Your PPF investments earn interest at a rate announced every year – currently 8.7%. PPF return is therefore mostly at par with inflation. However, it is tax-free and you can do a lump sum or small regular investments.

  • The duration of a PPF account is 15 years which is extendable by 5 years at a time. You cannot withdraw money from your PPF account except under certain conditions but not before 5 years.
  • You can invest in PPF through a bank or Post Office. Ability to invest online is limited.

This is a variant of the regular Bank FD with a 5-year lock-in. They offer slightly higher interest rates compared to normal FDs (0.25-0.5% higher) but does not offer liquidity option- even premature withdrawal with the penalty is not possible.

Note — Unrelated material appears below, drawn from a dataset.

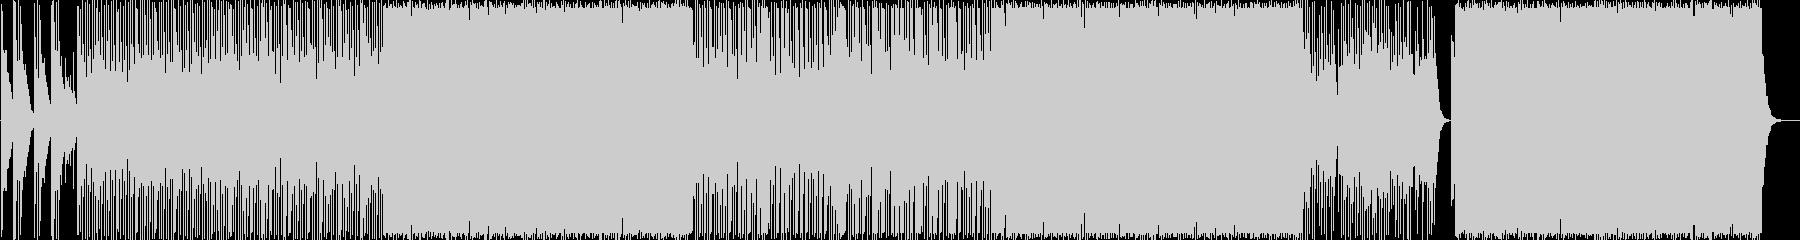 和風/和楽器(三味線・琴・太鼓)/B4の未再生の波形
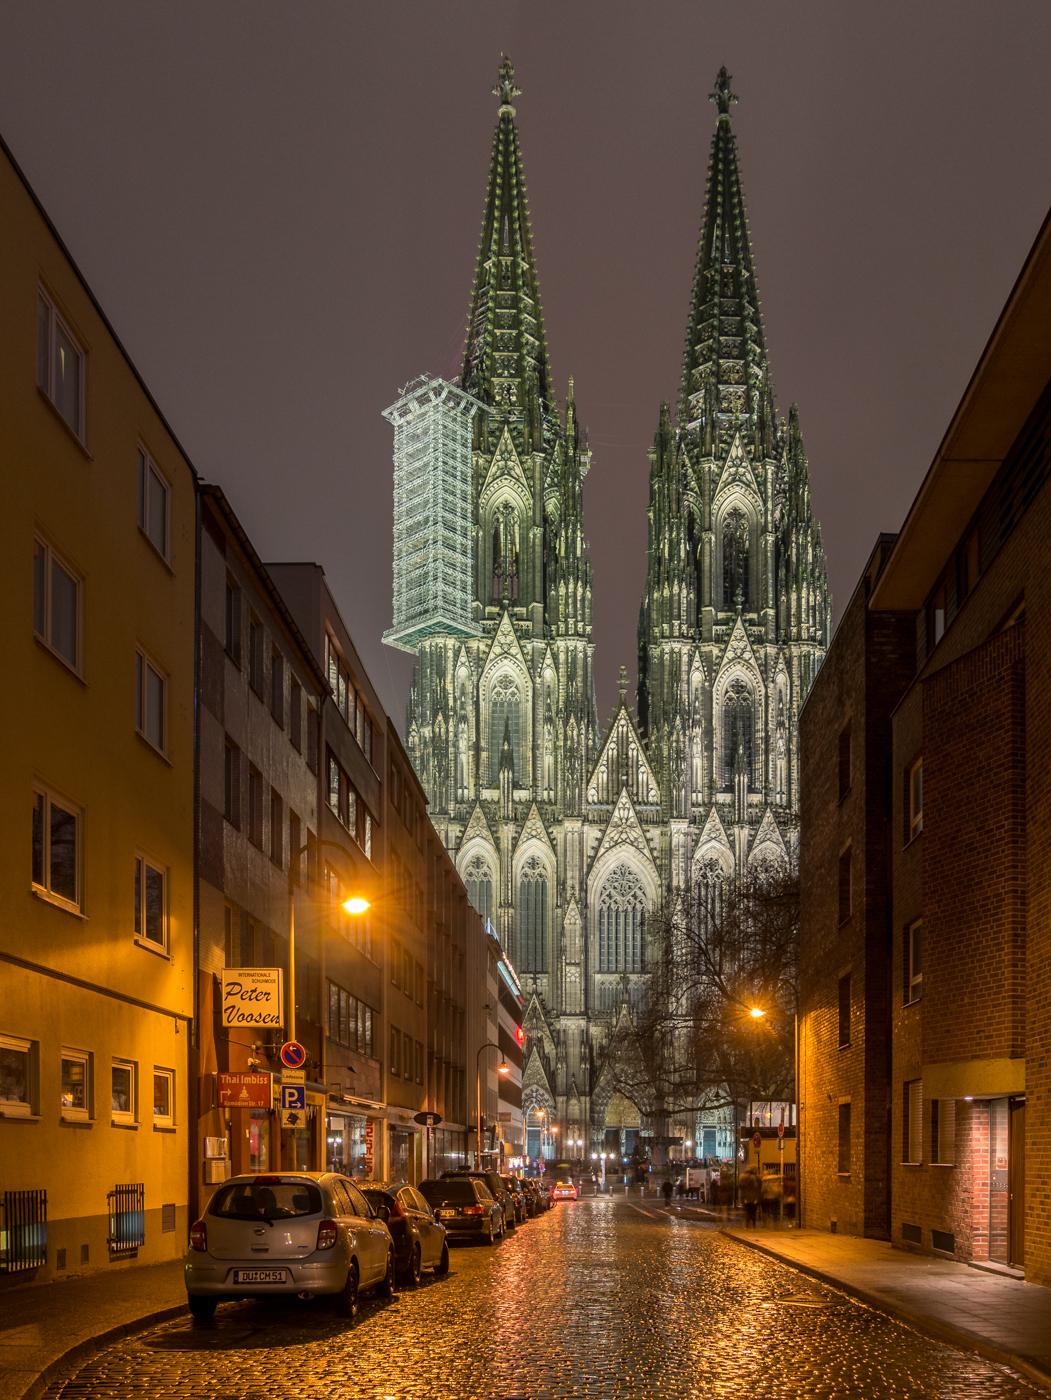 BdM 2018-07 - Köln | © Birgit Ziolkowski

  • The interest you earn on your 5-year bank FD is fully-taxable and you will have to pay taxes on a yearly basis for the interest you earn for that period.
  • TDS typically collected by banks is only 10% (20% in case you have not submitted your PAN) and if you happen to be in the 20 or 30% tax bracket, you need to pay the remaining interest while filing your IT returns.

NSC interest rates are fixed in April every year. The current rate is 8.5% for 5-year lock-in NSCs, and 8.8% for 10-year lock-in NSCs.

  • The interest accumulated is fully taxable. However, one key difference here is that the interest amount is not paid out to the investor.
  • Instead, it’s re-invested in NSC and therefore can be considered as your investment in NSC for the subsequent year.

Pension funds are designed to provide you with an income stream post retirement. They come in two flavours: Deferred Annuity and Immediate Annuity.

  • For deferred annuity plan, you invest annually until your retirement. Once you reach your retirement, you have can withdraw up to 60% of your accumulated corpus and have to re-invest the remaining in an annuity fund which will give you a monthly pension.
  • When it comes to immediate annuity plans, you invest a bulk amount one-time and get monthly pension from the next month itself. You would typically use these to invest your retirement corpus.

Tax-saving is an important part of financial planning. An intelligent tax-planning strategy can serve the dual objective of helping individuals meet their financial goals and save tax in the process.

There are some legitimate ways of saving taxes and the good thing is that most of them also help you grow your wealth. These options usually have a lock in period and vary in the nature and amount of return they provide. You must also remember that each of these alternatives also serve specific purposes and tax saving is not the purpose but an ancillary benefit of that.